One of the strongest scenes in the play comes when Scolari takes on another character, a Boston bar-dweller and Celtics loyalist who engages in a verbal battle with a guy who might be the only Lakers fan in Massachusetts. Here, playwright Eric Simonson (who also penned last season’s “Lombardi”) is at his best, crafting detailed characters and earning big laughs while bringing up some serious racial undertones of the Celtics/Lakers rivalry. Later, he and the cast also earn points from a scene telling the oft-told tale of Johnson’s visit to French Lick to film a sneaker commercial—an awkward shoot that, thanks to lunch with Bird’s mother (the fun Dierdre O’Connell), became a turning point in their relationship.

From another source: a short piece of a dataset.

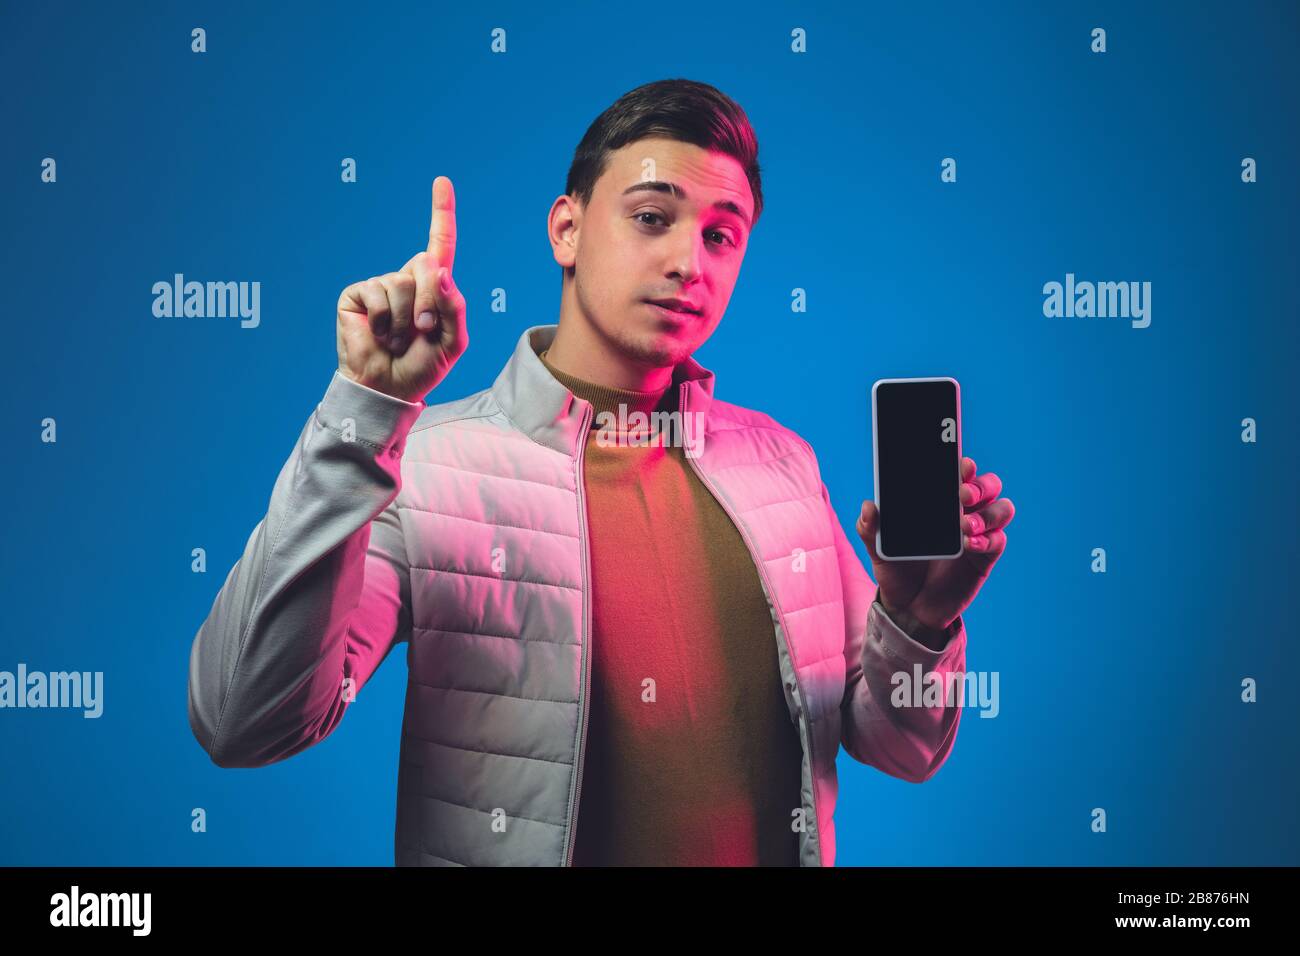 Showing blank phone screen Caucasian man's portrait on blue studio background in pink neon light. Beautiful male model in casual. Concept of human emotions, facial expression, sales, ad. Copyspace. Stock Photo

As someone who had some understanding of the relationship between the two men and their importance to basketball but didn’t follow the game closely during the Magic/Bird years (forgive me, I was in New Jersey), it wasn’t clear to me during the play how the story was progressing from season to season. I wanted to feel the tension build and change. Instead of a build-up, it’s more of a blur. 

But in all, “Magic/Bird” is a likable show that is unlikely to draw an audience away from more traditional Broadway fare. It might just attract a different crowd—like the guy behind me who proudly explained to his son what was going on in just about every one of the 49 television images projected onto a scrim before the show.

Theater can be for those guys, too. And as a member of the relatively sports-ignorant class, I was happy to go along to the game.